PROBLEM STATEMENT:
Every line below should come back exactly as written, though the pictures stay out.

-------- DATA SEGMENT

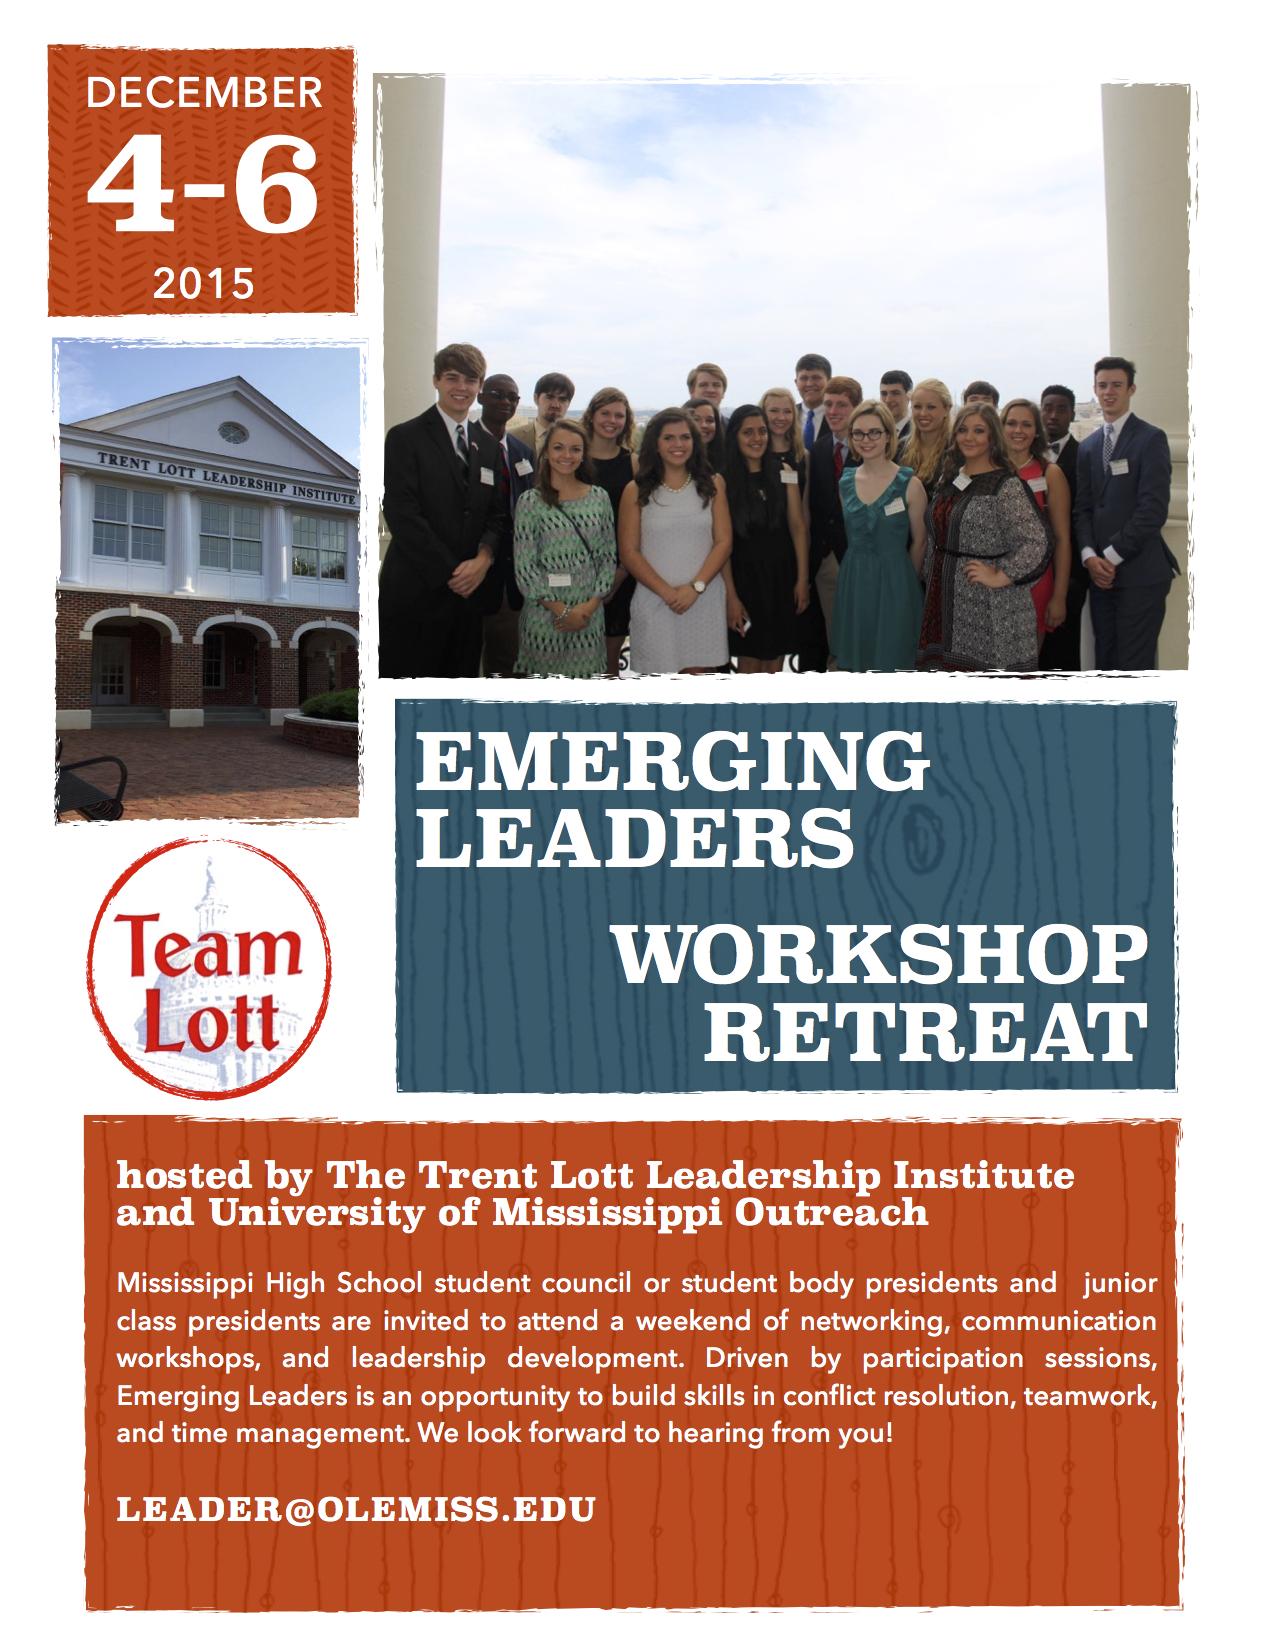 Emerging Leaders
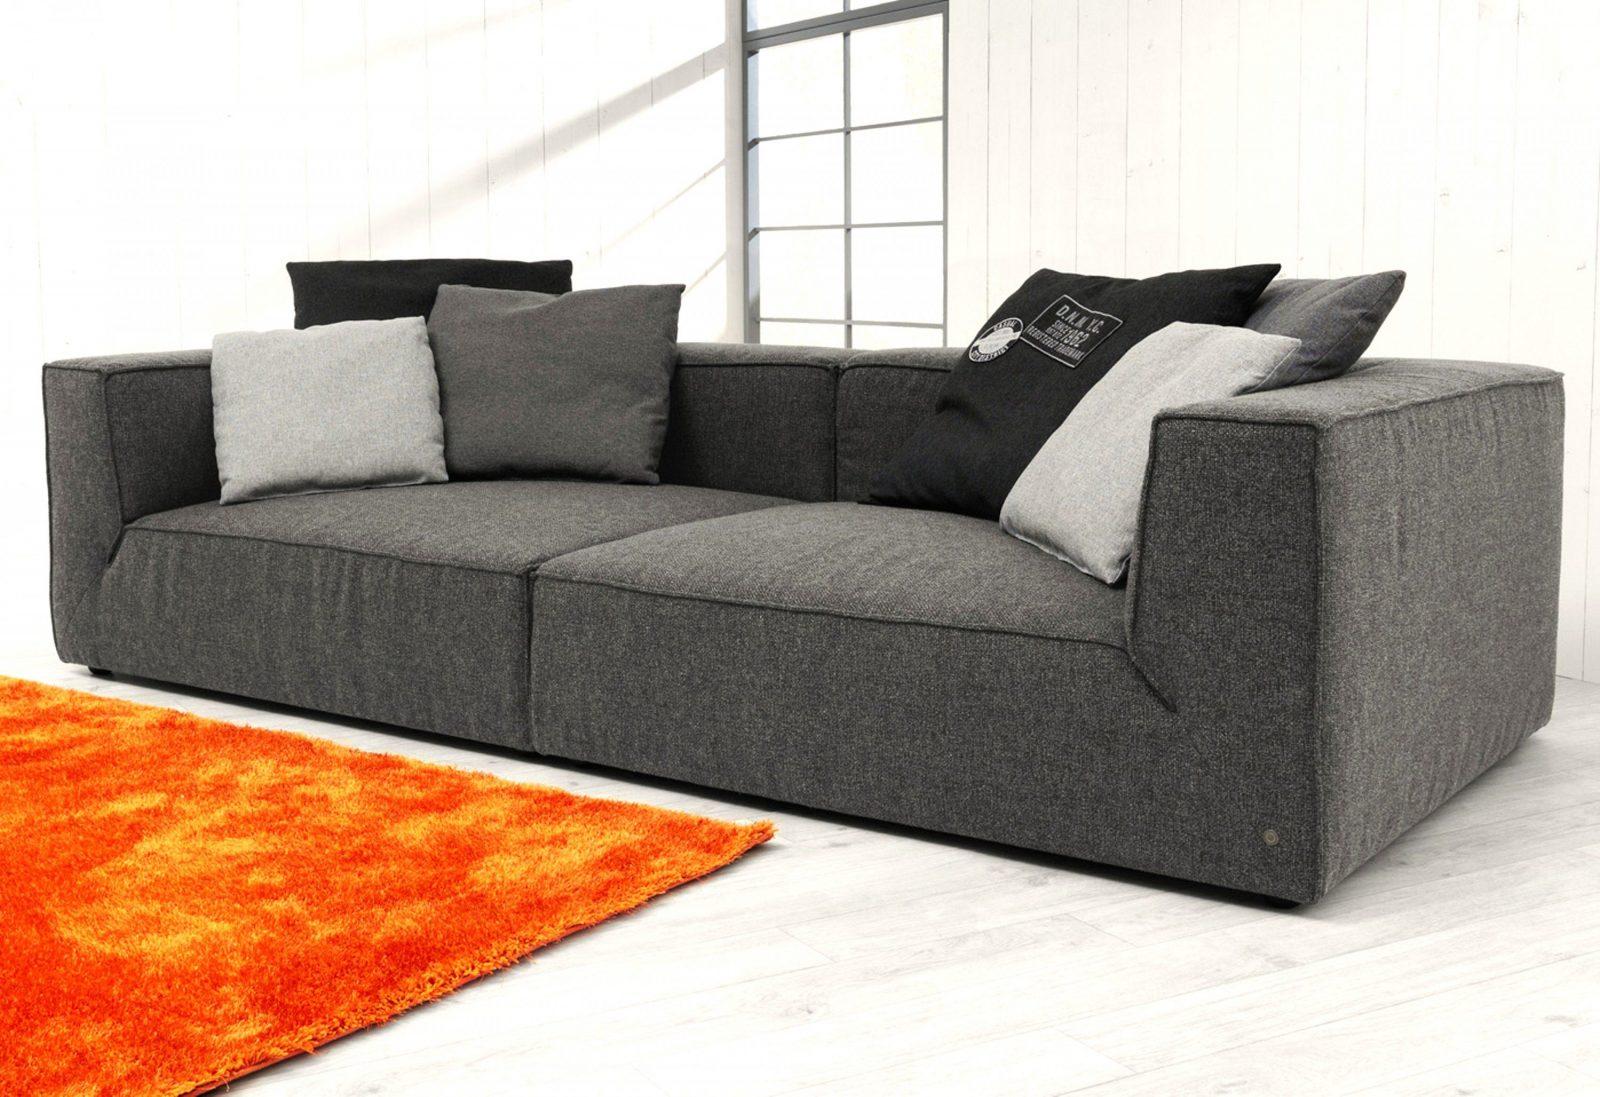 Geniale Ideen Möbel Boss Kinderbett Und Tolle Hypnotisierend von Möbel Boss Big Sofa Bild
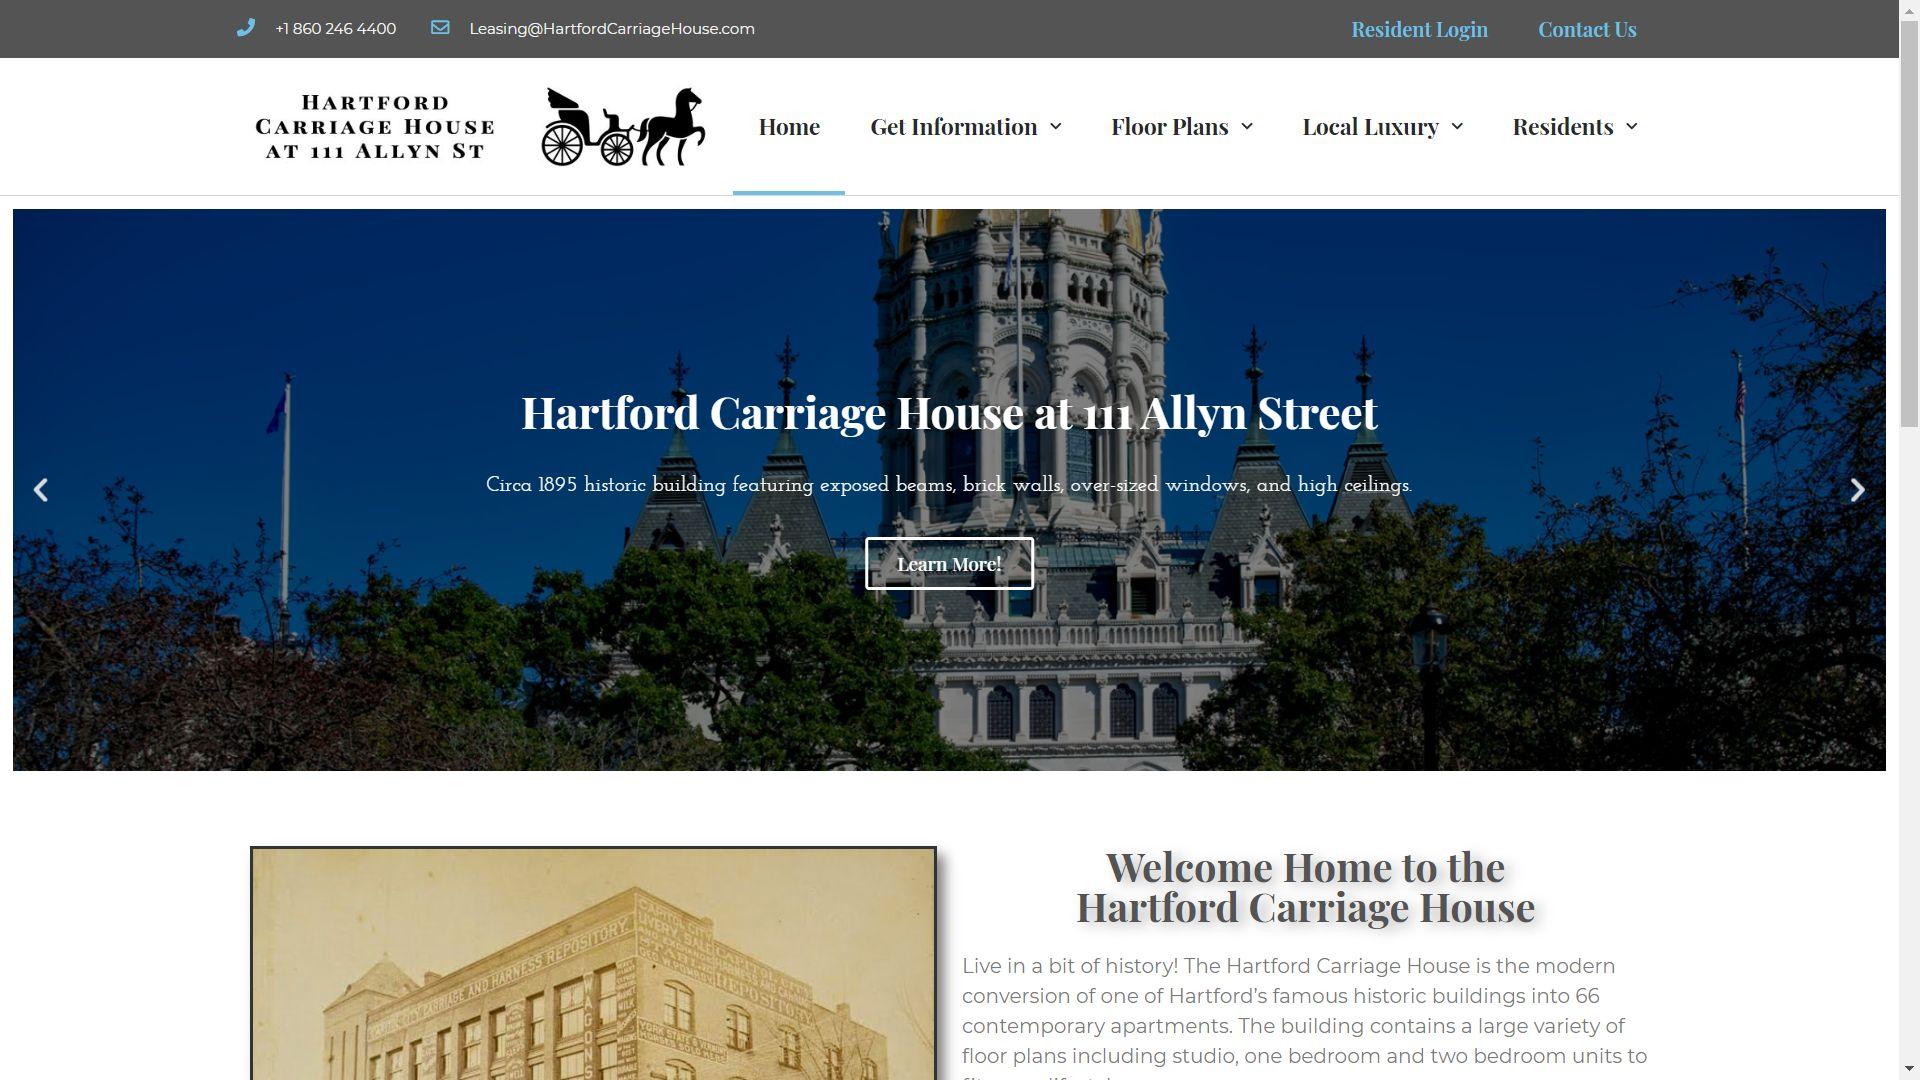 HartfordCarriageHouse.com

----------------

EXPECTED ANSWER:
 Emerging Leaders
 Geniale Ideen Möbel Boss Kinderbett Und Tolle Hypnotisierend von Möbel Boss Big Sofa Bild
 HartfordCarriageHouse.com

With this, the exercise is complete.